Values

Everyone’s reporting on the values issue and Karl Rove’s masterly strategy. No one yet seems to know quite what it means. The NYT sums up the numbers succinctly:

It was not a landslide, or a re-alignment, or even a seismic shock. But it was decisive, and it is impossible to read President Bush’s re-election with larger Republican majorities in both houses of Congress as anything other than the clearest confirmation yet that this is a center-right country – divided yes, but with an undisputed majority united behind his leadership.

Surveys of voters leaving the polls found that a majority believed the national economy was not so good, that tax cuts had done nothing to help it and that the war in Iraq had jeopardized national security. But fully one-fifth of voters said they cared most about “moral values” – as many as cared about terrorism and the economy – and 8 in 10 of them chose Mr. Bush.

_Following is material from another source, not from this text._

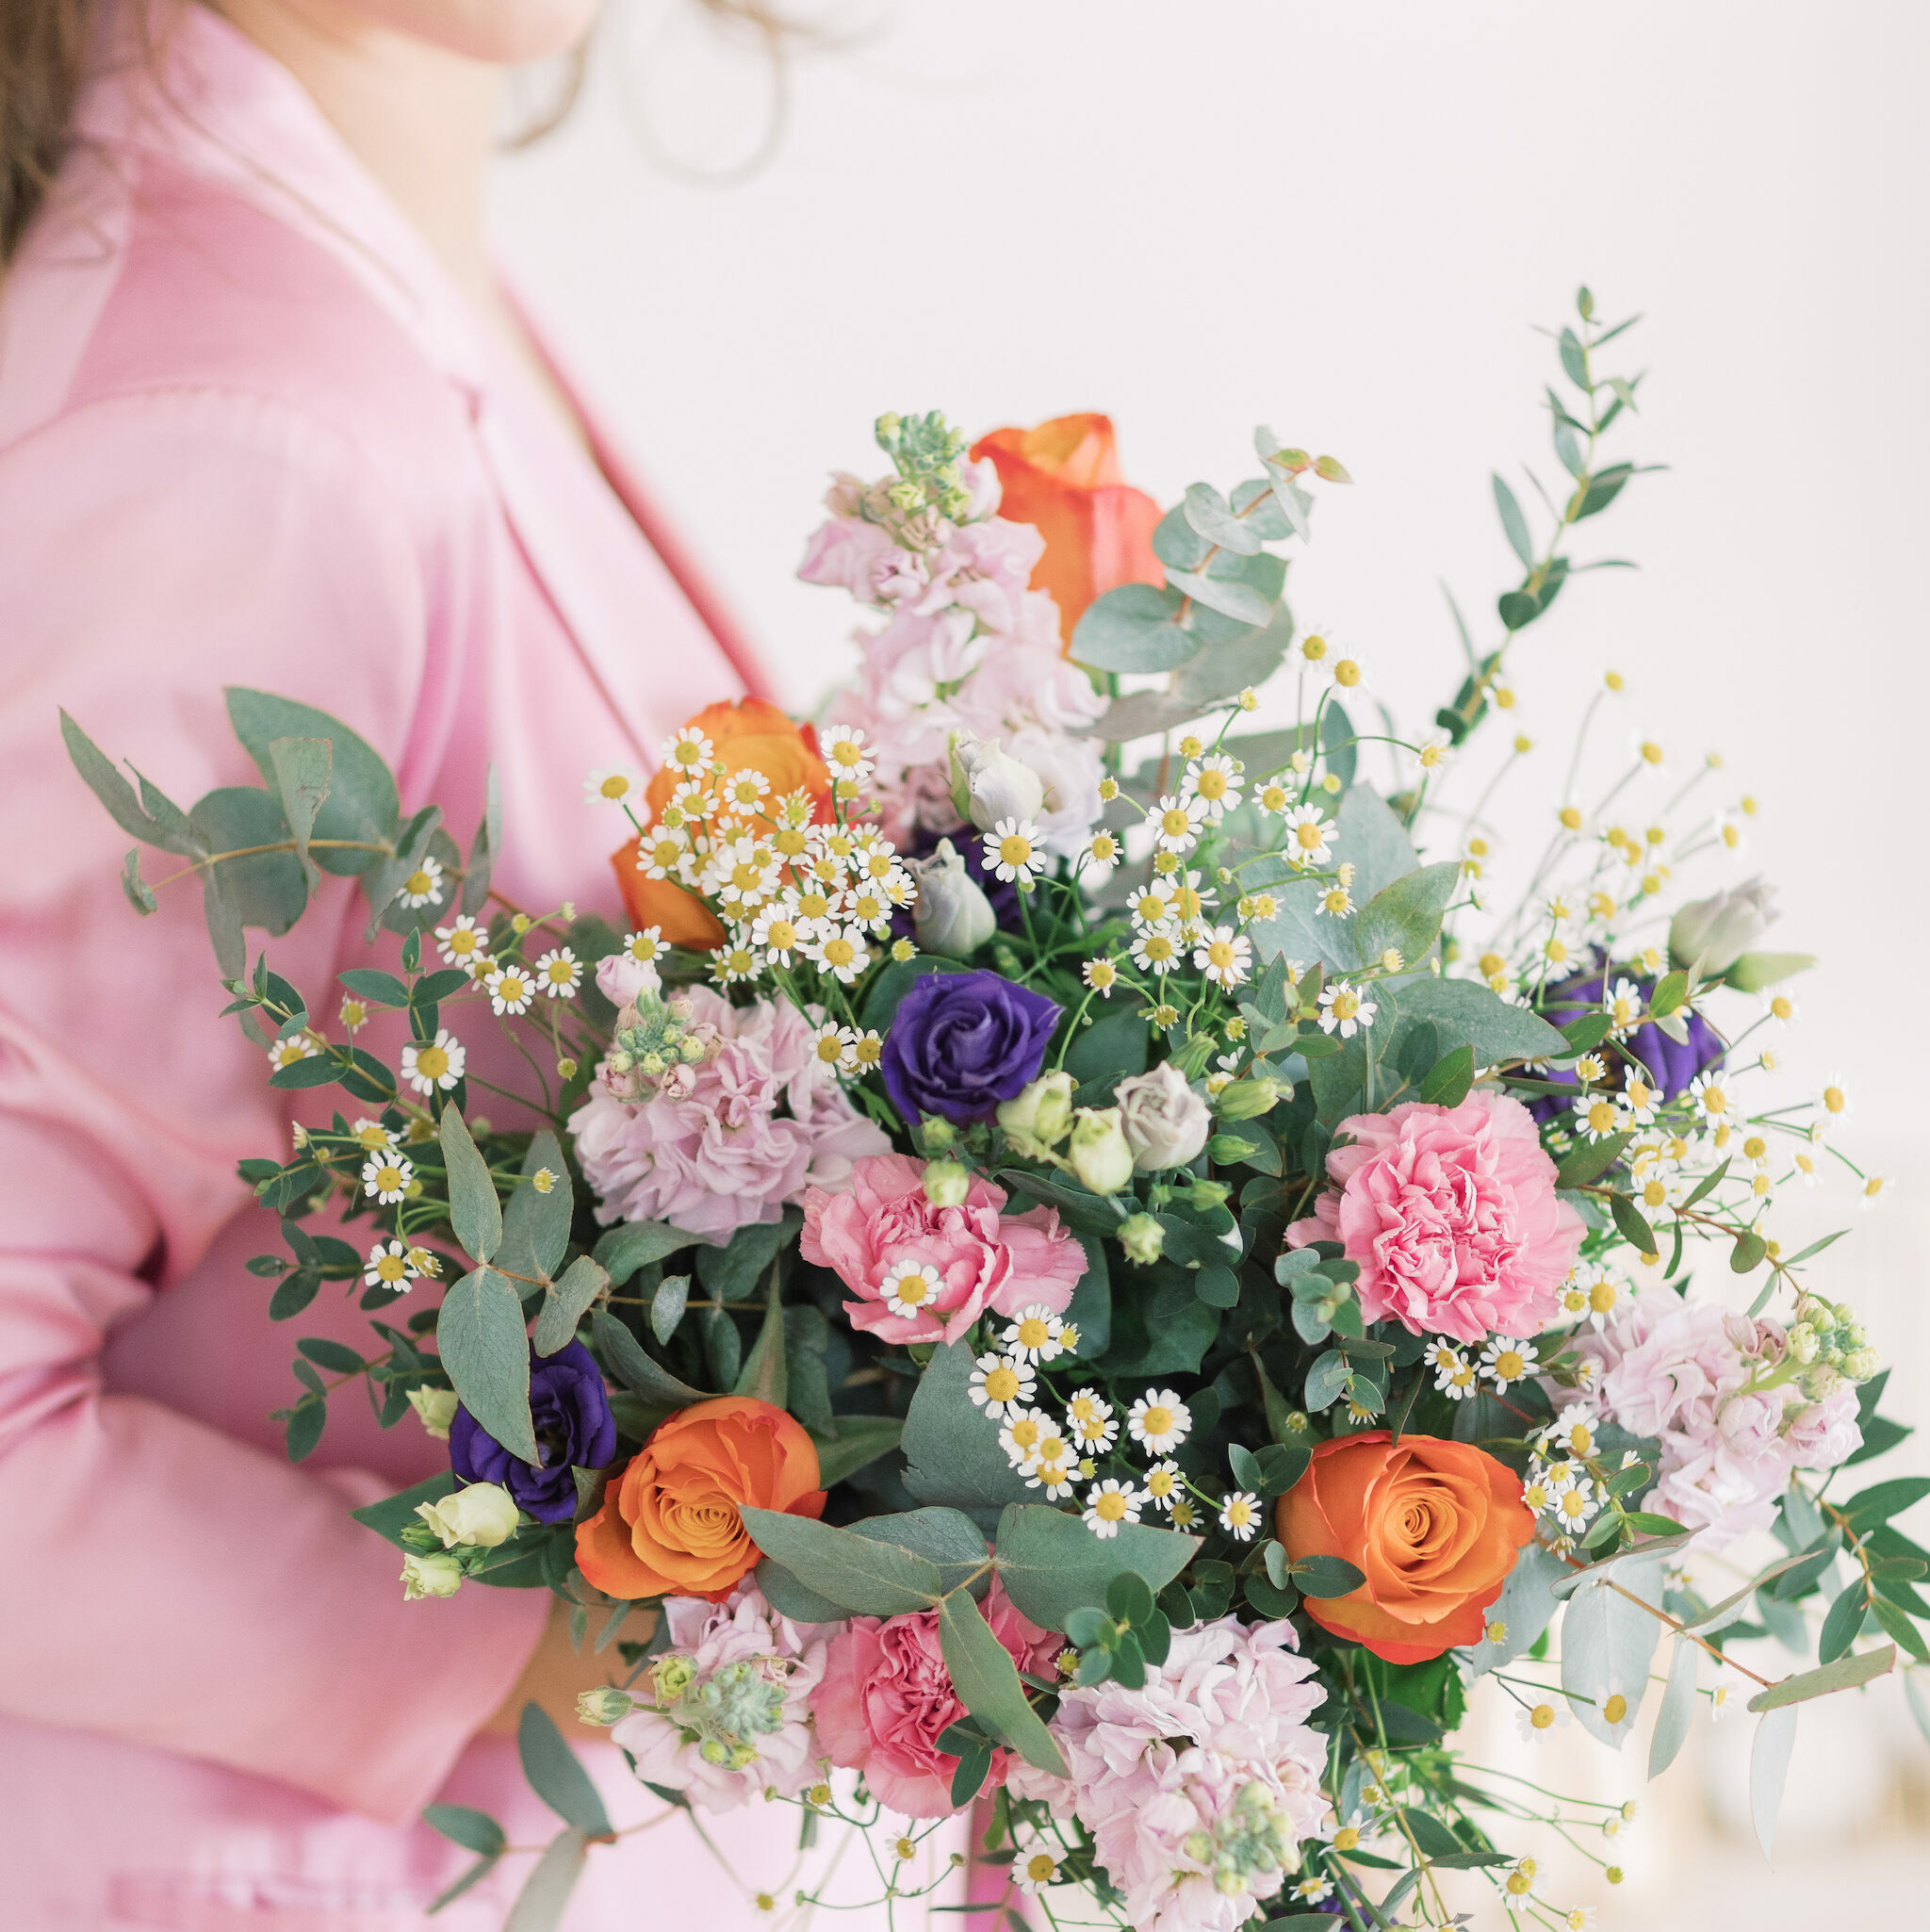 Send a bouquet to Evere within 24 hours

In other words, while Mr. Bush remains a polarizing figure on both coasts and in big cities, he has proved himself a galvanizing one in the broad geographic and political center of the country. He increased his share of the vote among women, Hispanics, older voters and even city dwellers significantly from 2000, made slight gains among Catholics and Jews and turned what was then a 500,000-popular-vote defeat into a 3.6 million-popular-vote victory on Tuesday.

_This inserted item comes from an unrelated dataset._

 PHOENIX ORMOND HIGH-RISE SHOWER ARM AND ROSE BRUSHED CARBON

On Rove Andrew Sullivan admits that Bush’s strategist read the American electorate – or at least an important part of it – better than anyone else:

A lot of gay people are devastated this morning, and terrified. We have seen, and not for the first time, how using fear of a minority can be so effective a tool in building a political movement. The single most important issue for Republican voters, according to exit polls, was not the war on terror or Iraq or the economy. It was ‘moral values.’ Karl Rove understood the American psyche better than I did. By demonizing gay couples, the Republicans were able to bring in whole swathes of new anti-gay believers into their party. With new senators Jim DeMint and Tom Coburn, two of the most anti-gay politicians in America, we can only brace ourselves for what is now coming.

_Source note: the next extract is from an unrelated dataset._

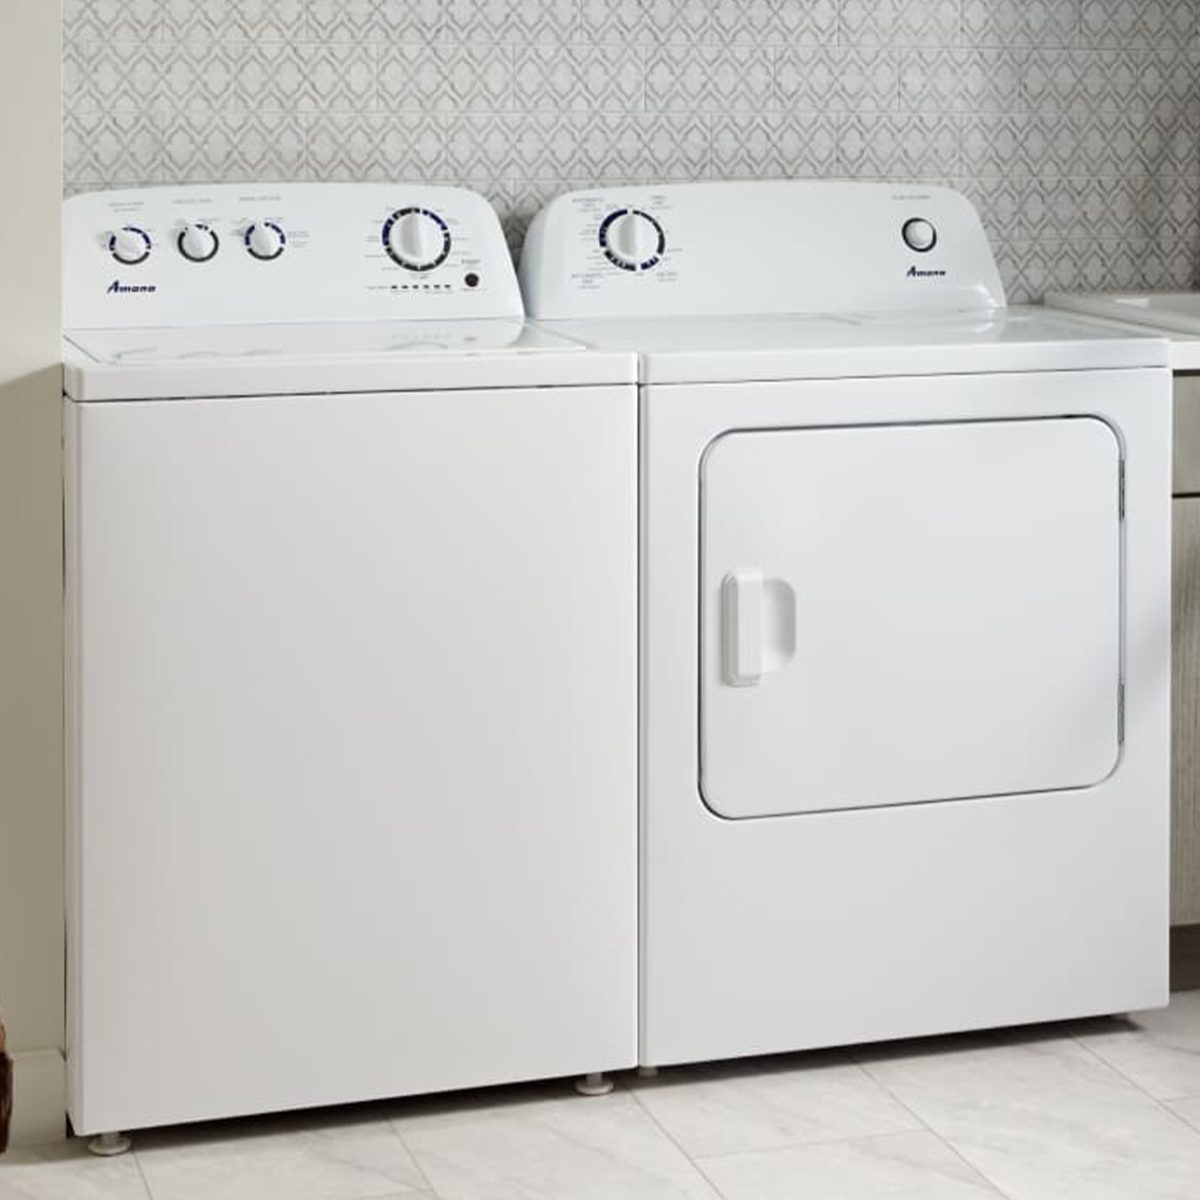 Top-rated & Affordable Washer and Dryer Sets for Every Home

Joel Achenbach in the Washington Post goes to the nub of the “values” rhetoric:

The term wasn’t defined, and Democrats spent much of yesterday protesting that they have morals and values, too. The term is basically a code phrase for abortion and gays. For some people, particularly religious evangelicals, these issues are even more important than Iraq, terrorism, the economy, health care, the environment and education. Moral issues gnaw at the guts of people who think they know right from wrong and normal from sick. The reelection of George W. Bush as the 43rd president of the United States appears to be at least in part because of a fear that liberals favor marital unions among sodomites.

Greg Grieve, a Fellow at NYU’s Center for Religion and Media, makes a very perceptive comment on The Revealer website:

[a colleague] and I have been talking about ‘moral values’ all morning. And it seems to us that it is working as an empty signifier, similar to Barthes’ notion of ‘myth,’ onto which people are projecting their conceptions. As Barthes writes in ‘Myth Today’: ‘The signifier presents itself in an ambiguous way: it is at the same time meaning and form, full on one side and empty on the other.’ (117) As the Russian saying goes: ‘A sacred space is never empty.’ There seems to be a need for two steps: (1) to debunk the Myth of moral values, and then (2) to craft a new ‘myth’ that democrats can control for progressive ends.